There was plenty of pressure on the Yankees’ front office to produce the ‘next Mickey Mantle.’ After more than 40 years of continuous superstars—Ruth, Gehrig, DiMaggio, and Mantle—fans weren’t ready for it to end. A team with a superstar is a team with hope, charisma, and an attendance magnet. Touting a potential superstar is a way to sell fans on a brighter future.
The Yankees and the New York media, particularly in the 1960s and early 1970s, unfairly hung “the next Mickey Mantle” label on many players, all of whom fell short of his standards. Tresh, Joe Pepitone, Roger Repoz, Bobby Murcer, Steve Whitaker, Bill Robinson, Tony Solaita, and Ron Blomberg were victims of the hype.
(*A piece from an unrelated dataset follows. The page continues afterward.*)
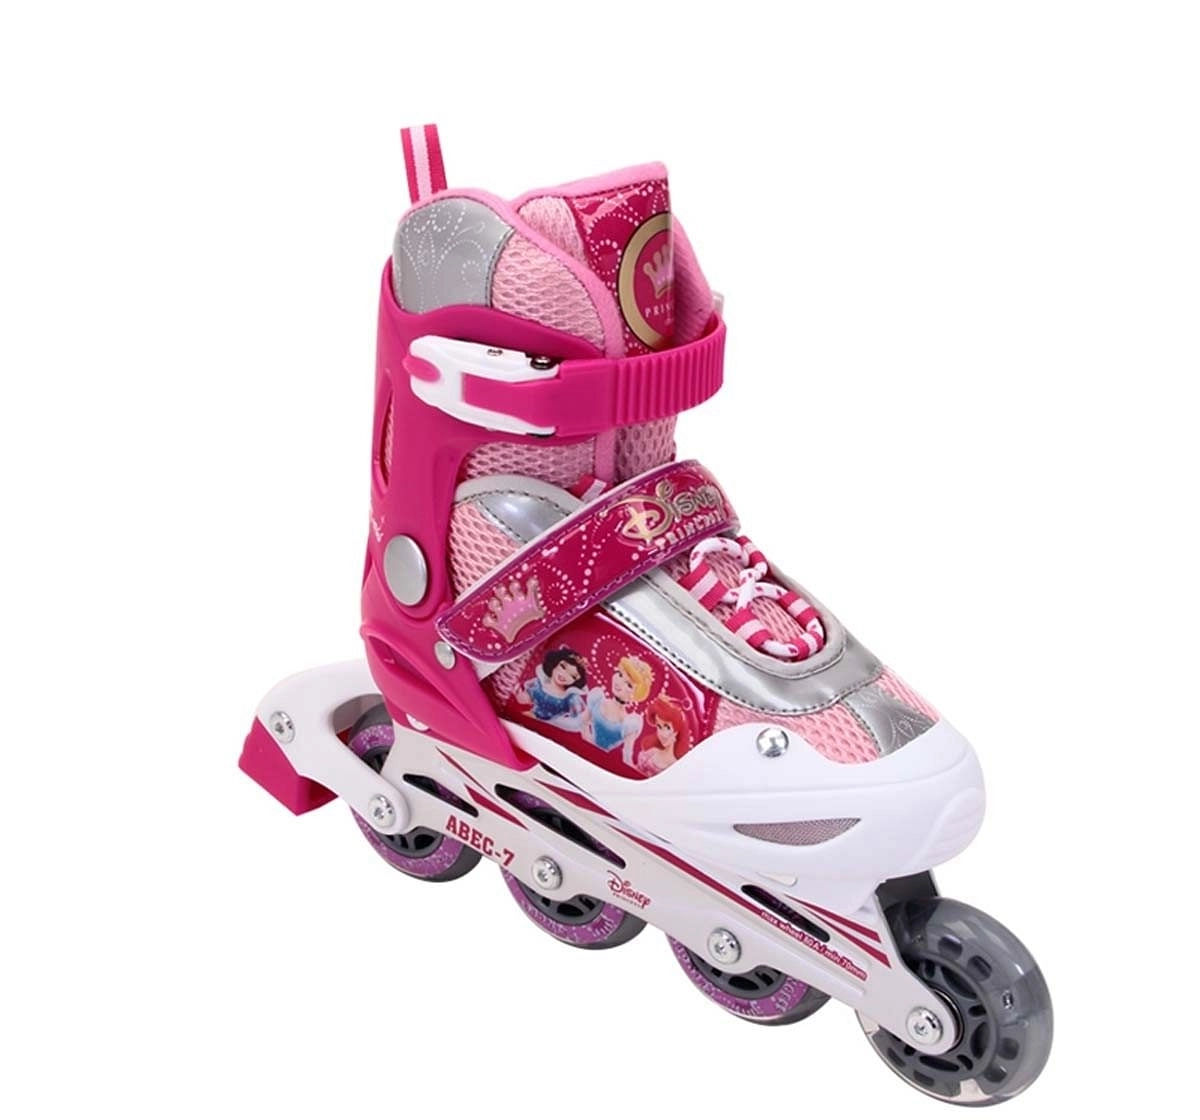 Disney Princess Inline Skate Combo Set Skates and Skateboards for Kids age 5Y+

In 1965 when Mantle and Maris were both injured, the Yankees called up 25-year-old, left-handed hitting outfielder Roger Repoz from Toledo. Plagued by strikeouts and a low batting average most of his minor league career, Repoz led the International League in home runs when he was summoned to the majors. Johnny Johnson, director of the Yankees farm system, proclaimed, “The next Yankee star is Roger Repoz. There is no doubt about it.”2 In 127 games over three seasons with New York, Repoz tallied 12 home runs and batted .240.
Cleveland Indians manager Birdie Tebbetts offered another observation, “There is a myth that you put a player in a Yankee uniform, and he becomes great. But you have to put the right player in the uniform. The Yankees are having trouble getting that kind of player because the other clubs are building themselves up.” Implementing the major league amateur draft in 1965 almost guaranteed the Yankees wouldn’t be able to turn their fortunes around quickly. Before the draft, the club flooded the country with its savvy scouts and used its power and prestige to sign a host of talented players. Under the amateur draft, however, teams selected players in the inverse order of their finish. It was an effort to introduce parity and end bidding wars. It didn’t favor the Yankees.
In 1967, Jack Mann, author of The Decline and Fall of the New York Yankees, wrote, “the Yankees are in this mess because of 10 years, maybe 20 years, of bad management. Not stupid management, but short-sighted management, the failure to recognize the game of baseball was changing into a system of controlled mediocrity, to which the Yankee method could no longer be superior, or even equal.”
Arrogance had cost the Yankees. When bonus players became the rage in the 1950s, the Yankees shunned them for the most part. The club preferred to sign players relatively cheaply. They counted on the aura of pinstripes to offset their subpar bonus offers. Bobby Murcer, who idolized Mantle growing up in Oklahoma, signed with the Yankees for $10,000, even though the Los Angeles Dodgers offered him $20,000. He dreamed of playing for the Yankees and figured a string of World Series checks would make up the difference.
The Yankees signed Roger Repoz for $4,000 and Steve Whitaker for $5,500. After Tony Solaita signed for a modest $1,000 bonus, he joked, “I signed for a steak dinner, and I had to leave the tip.”5 On the flip side, the club offered Rick Reichardt more money than the Los Angeles Angels did in 1964 ($200,000), but the youngster passed up the offer to sign with the California club. The New Yorkers also inked Ron Blomberg for $75,000 in 1972.
Even though the Yankees had Elston Howard, the 1963 American League Most Valuable Player, they had been slow to scout and sign Black players. That reluctance cost them a wealth of talent.